Protozoan parasites cause a wide range of devastating diseases in various kinds of organisms, including humans. It may be lethal if untreated promptly. To detect specific disease-causingorganisms parasites, a wide range of immunological and molecular technologies are now widely available. However, all of this depends on the worker's expertise and are time-consuming, error-prone, and expensive. With the development of technology, compared to traditional biological techniques, convolutional neural networks have reached excellent achievements in image classification, cutting costs while attaining an overall higher accuracy and eliminating human error. Many models include numerous convolutional layers and offer an accuracy between 90 and 95 percent. In this study, 4740 microscopic images of protozoan parasites from six classes with a balanced dataset and an 80–20% split were classified using three convolutional layers with stochastic gradient descent as an optimizer. A 5-fold cross-validation approach is used to evaluate the proposed method. We also examine and evaluate with deep learning models namely VGG16, ResNet50, and InceptionV3. The performance evaluation of the proposed model shows an accuracy of 94% with a precision range (of 0.83-0.99) and a recall range (of 0.76-1.00), respectively. The retrained model was able to recognize and classify all 6 different parasites. Except for class Leishmania, where 24% of images are incorrectly classified as Plasmodium and Trichomonas, the model demonstrates that most cases are correctly identified.
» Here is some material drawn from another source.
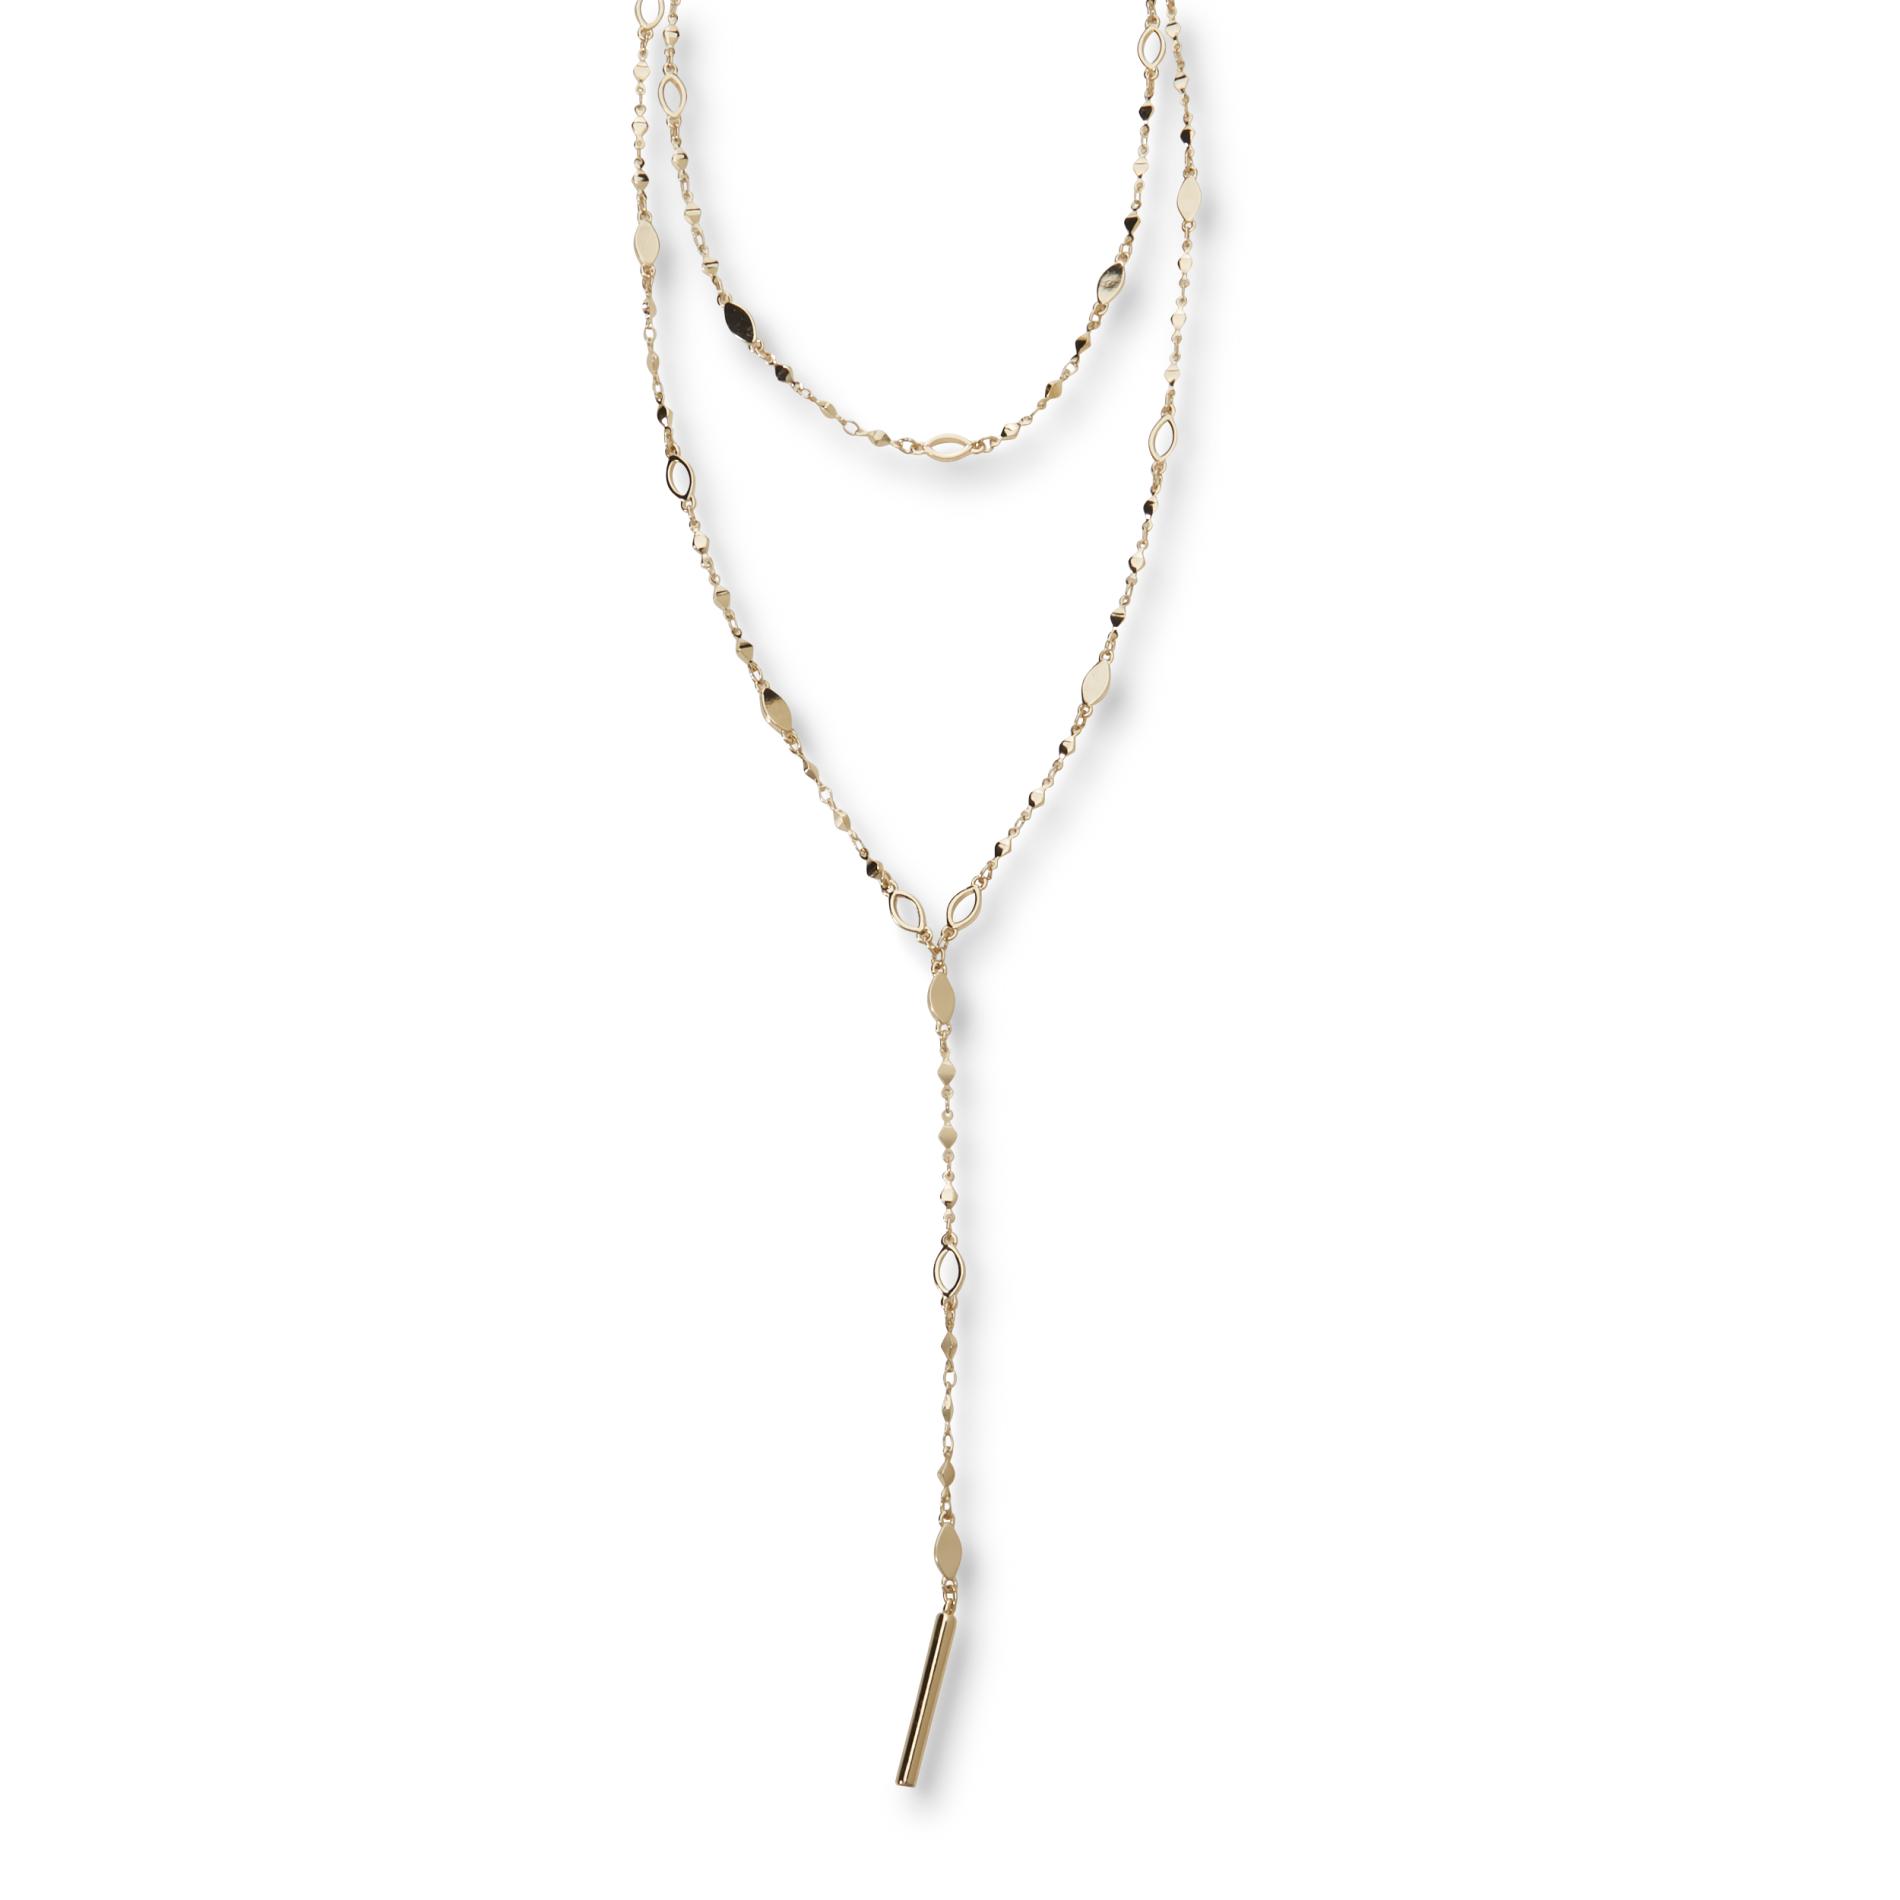 Women's Goldtone Layered-Look Necklace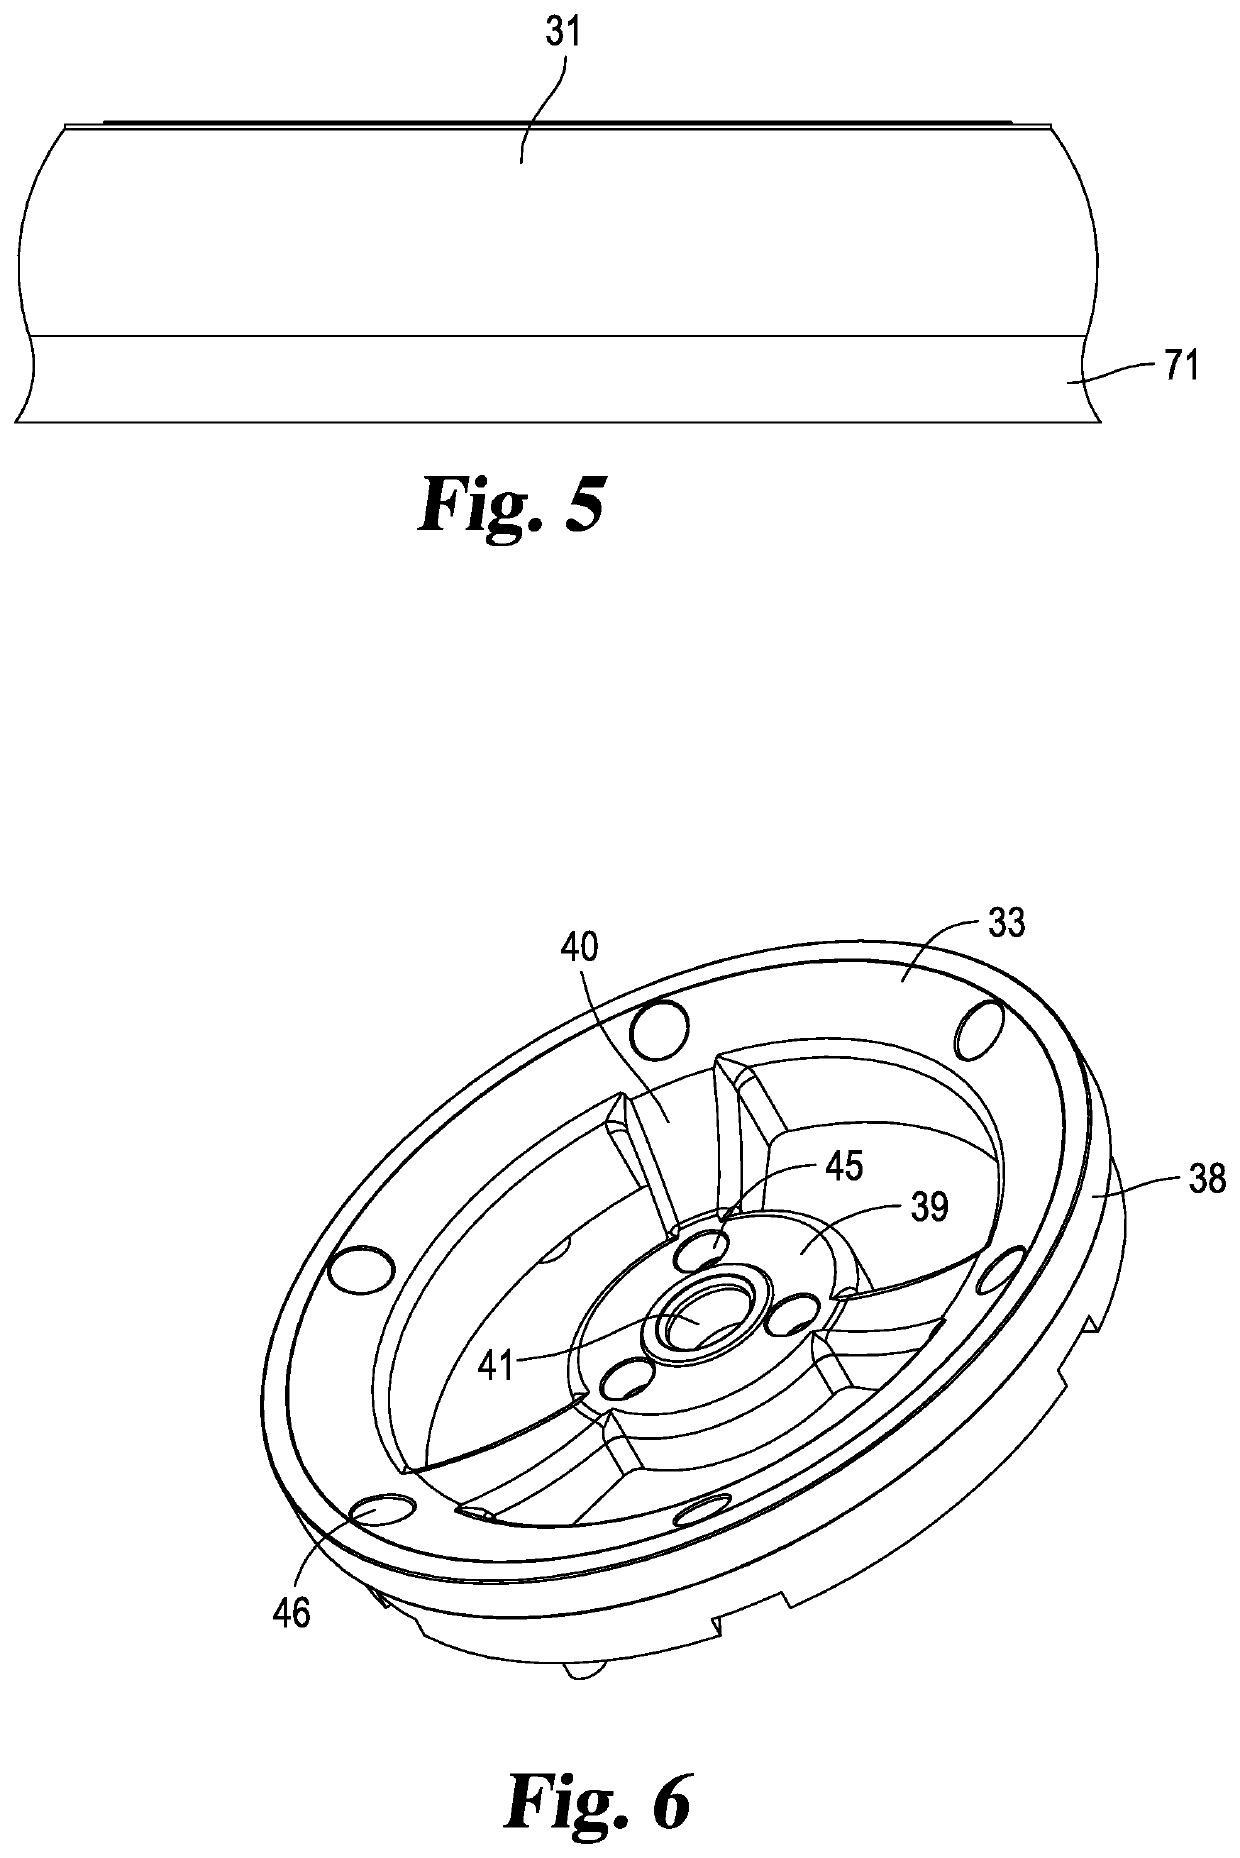 Two piece rim and tire connected assembly

利用卷积神经网络对原生动物寄生虫进行多级显微图像分析
原生动物寄生虫会导致包括人类在内的各种生物患上多种毁灭性疾病。如果不及时治疗,可能会致命。为了检测特定的致病微生物寄生虫,现在可以广泛使用各种免疫学和分子学技术。然而,所有这些都依赖于工作人员的专业知识,耗时长、易出错且成本高昂。随着技术的发展,与传统的生物技术相比,卷积神经网络在图像分类方面取得了卓越的成就,在降低成本的同时实现了更高的整体准确性,并消除了人为误差。许多模型包含大量卷积层,准确率在 90% 到 95% 之间。在这项研究中,我们使用三个卷积层,以随机梯度下降作为优化器,对来自六个类别的 4740 张原生动物寄生虫显微图像进行了分类。我们采用 5 倍交叉验证的方法来评估所提出的方法。我们还使用 VGG16、ResNet50 和 InceptionV3 等深度学习模型进行了检查和评估。对所提模型的性能评估显示,其准确率为 94%,精确度范围(0.83-0.99)和召回率范围(0.76-1.00)分别为 0.83 和 0.99。经过重新训练的模型能够识别和分类所有 6 种不同的寄生虫。除了利什曼原虫类有 24% 的图像被错误地分类为疟原虫和毛滴虫外,该模型表明大多数情况下都能正确识别。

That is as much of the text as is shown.